The North African country now has less than 9,000 English teachers employed across 2,200 schools in the country, but the minister insisted the number will considerably go up in the coming semesters and years.
Benmoussa’s announcement comes as many Moroccans call for ditching French and replacing it with English as the main foreign language in Moroccan schools to prepare young Moroccans for one of the requirements of the ever-competitive global economy.
While the Moroccan Education Minister did not particularly nod to the “Shift to English” movement, he also made the case that English teaching will broaden Moroccan students' opportunities by giving them access to more countries and to quality education across public and private institutions.
Eight million Moroccan students returned to school on September 5, with 6.9 million students enrolled in public schools and 1.1 million in private schools, Benmoussa detailed.
In April, months before the back-to-school period, Morocco’s Minister of Higher Education Abdellatif Miraoui presented the “National Plan to Accelerate the Transformation of the Ecosystem.” The education plan called for improving language learning, promoting digital technology, and enhancing skills required in the job market.
English learning was at the center of the scheme, with Moroccan universities having announced plans to require students to receive a minimum B1 level --lower intermediate level-- in the IELTS or TOEFL qualifications to receive their undergraduate diploma.
Morocco’s decision to advance nationwide English teaching at different grades has been interpreted by some observers as indicating the country’s gradual shift towards cutting ties with French, the language of its former colonizer.
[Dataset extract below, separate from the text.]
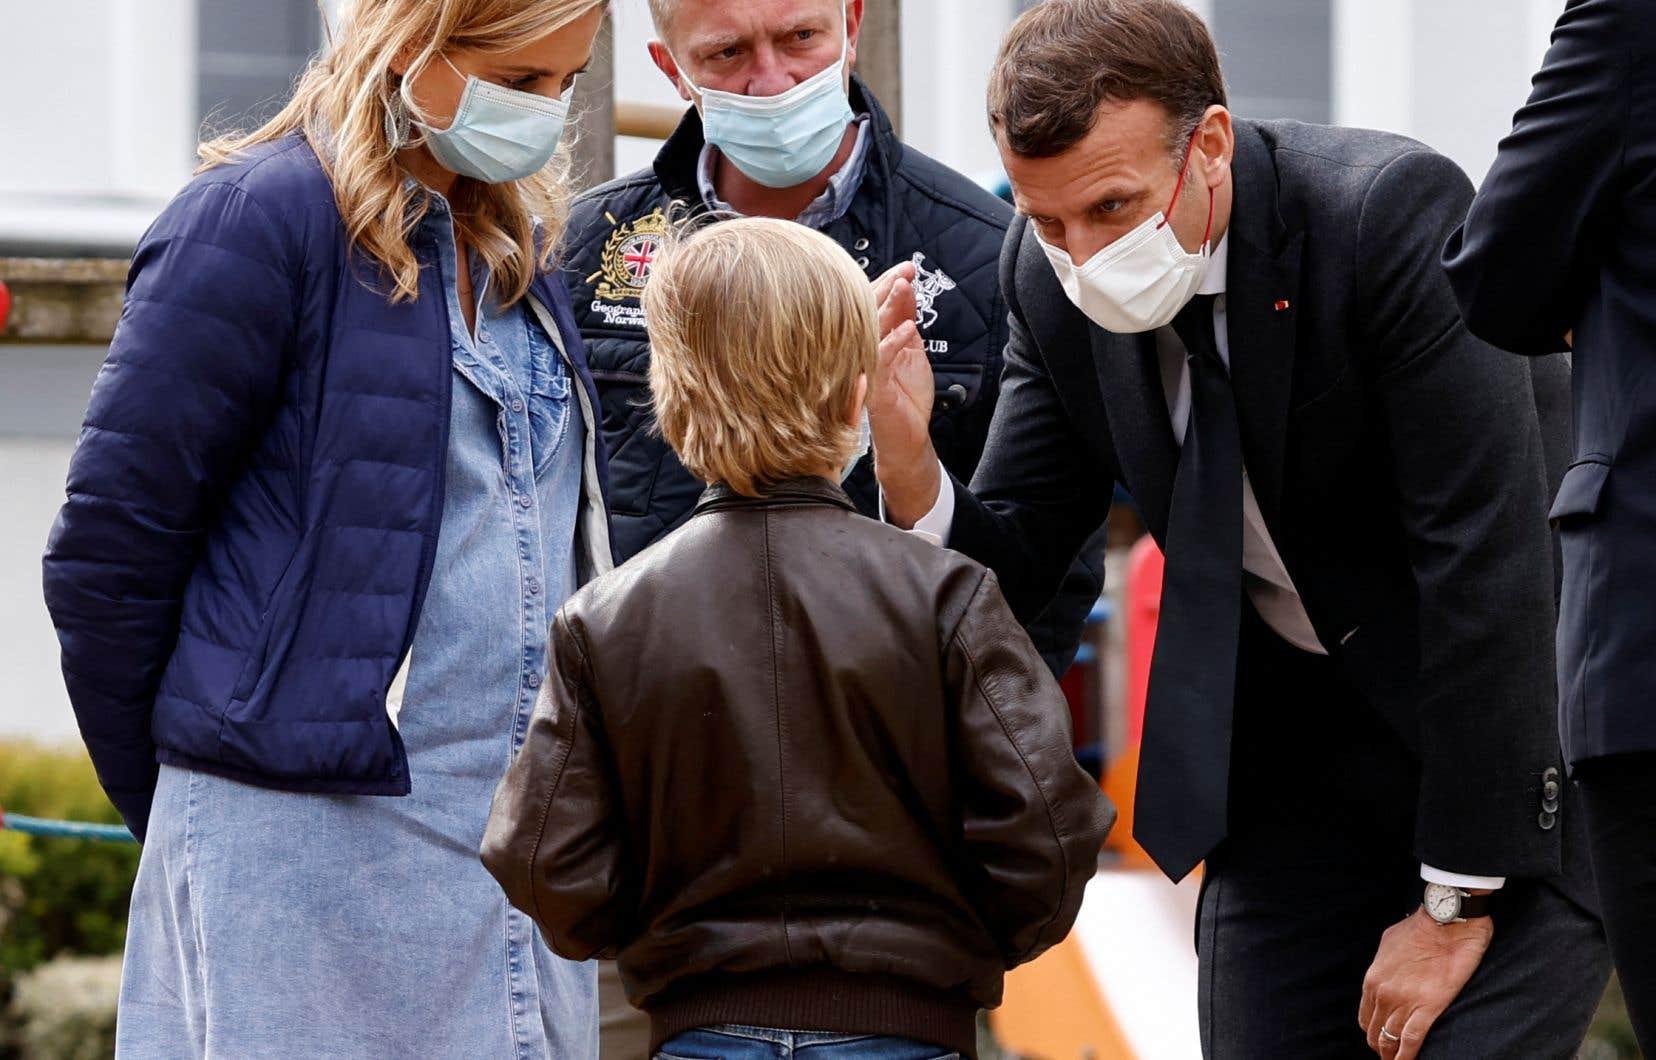 Quatre parents sur dix ont déclaré avoir observé des signes de détresse chez leur enfant lors du premier confinement au printemps 2020. Sur la photo, le président français Emmanuel Macron a rencontré, mercredi, des soignants et des patients dans le service de pédopsychiatrie d'un hôpital de Reims.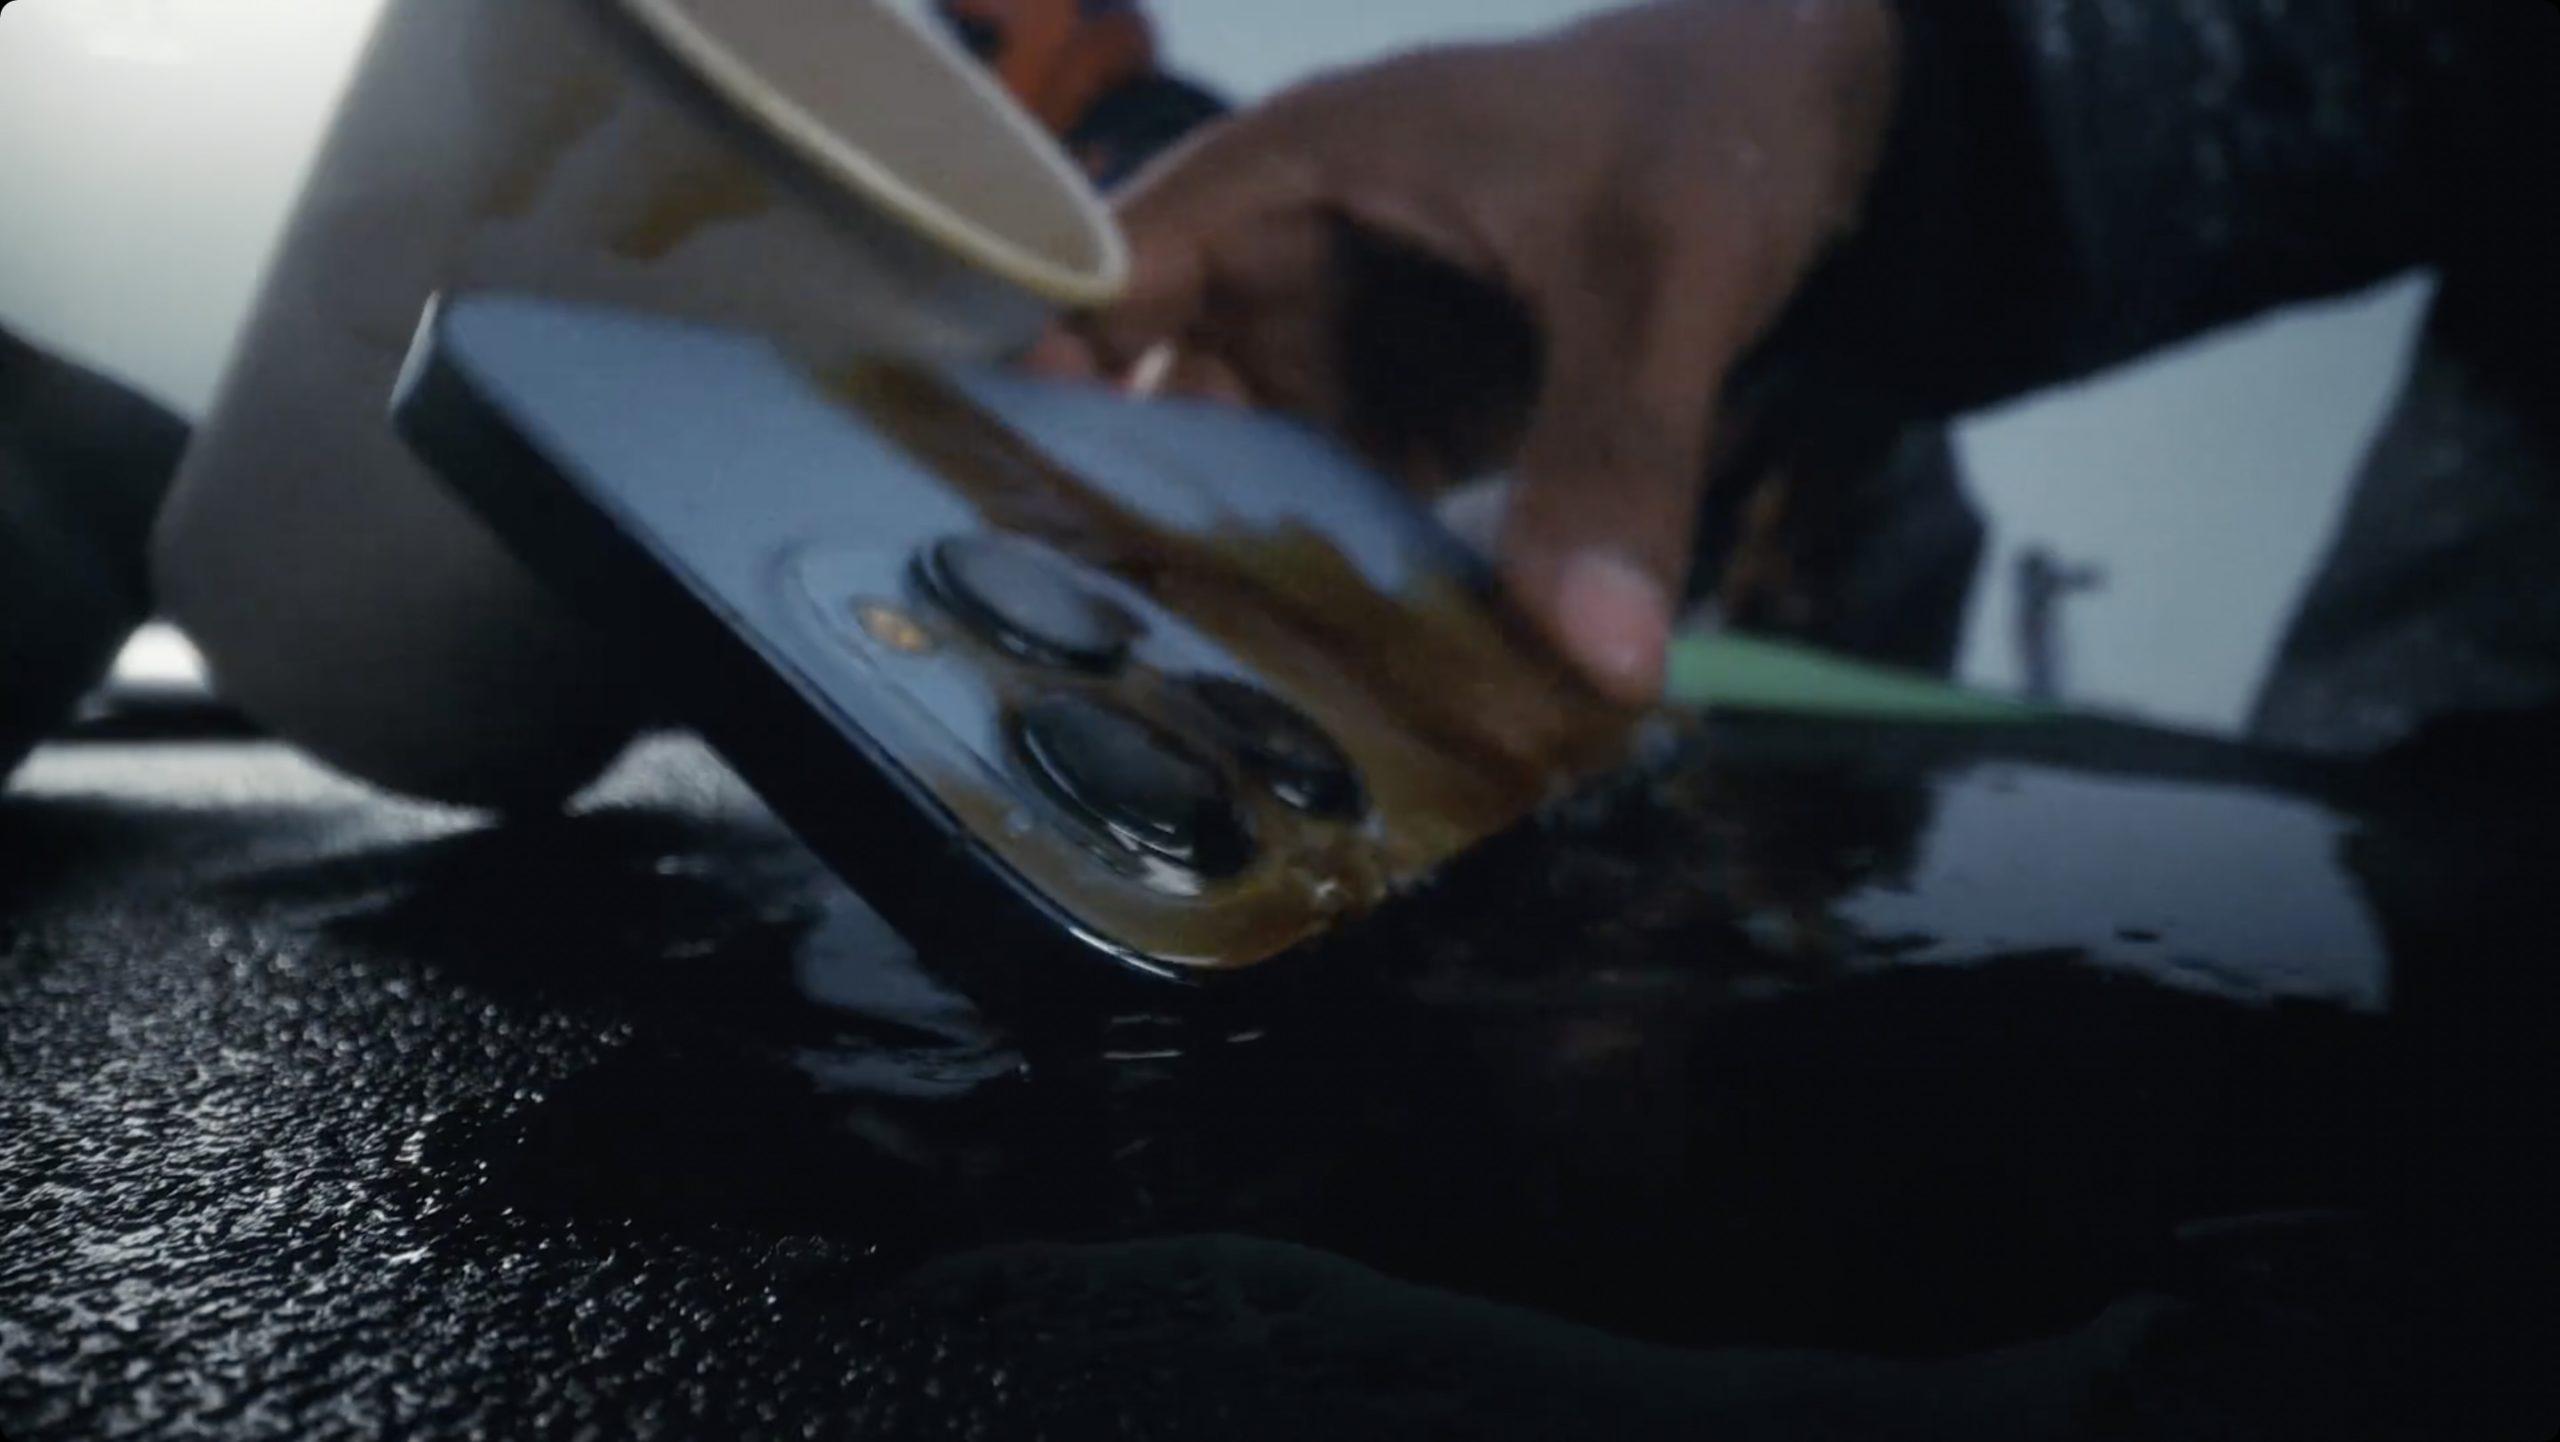 Ist das iPhone 13 Pro wasserdicht, wenn in der Werbung Kaffee darüber gegossen wird?

But others have simply welcomed the reform as needed and long-overdue, arguing matter-of-factly that it meets the competitive demand of the global market.
However, recent studies have confirmed Morocco’s low aptitude in the English language, showing Moroccan schools’ unreadiness to entirely shift to English teaching.
Despite the increasing popularity of English among young Moroccans, Morocco received in 2021 a “low” ranking in the English proficiency index, ranking 71st out of 112 countries evaluated.
To reverse this trend, the recent partnership between Morocco and the British Embassy in Rabat has worked on both promoting English among young Moroccans and furthering their mastery of the language.
The partnership appears to have borne fruit, with the British Council in Morocco concluding in a study last year that “English is expected to become Morocco’s primary foreign language in the next five years, as well as the foreign language most widely spoken among youth.”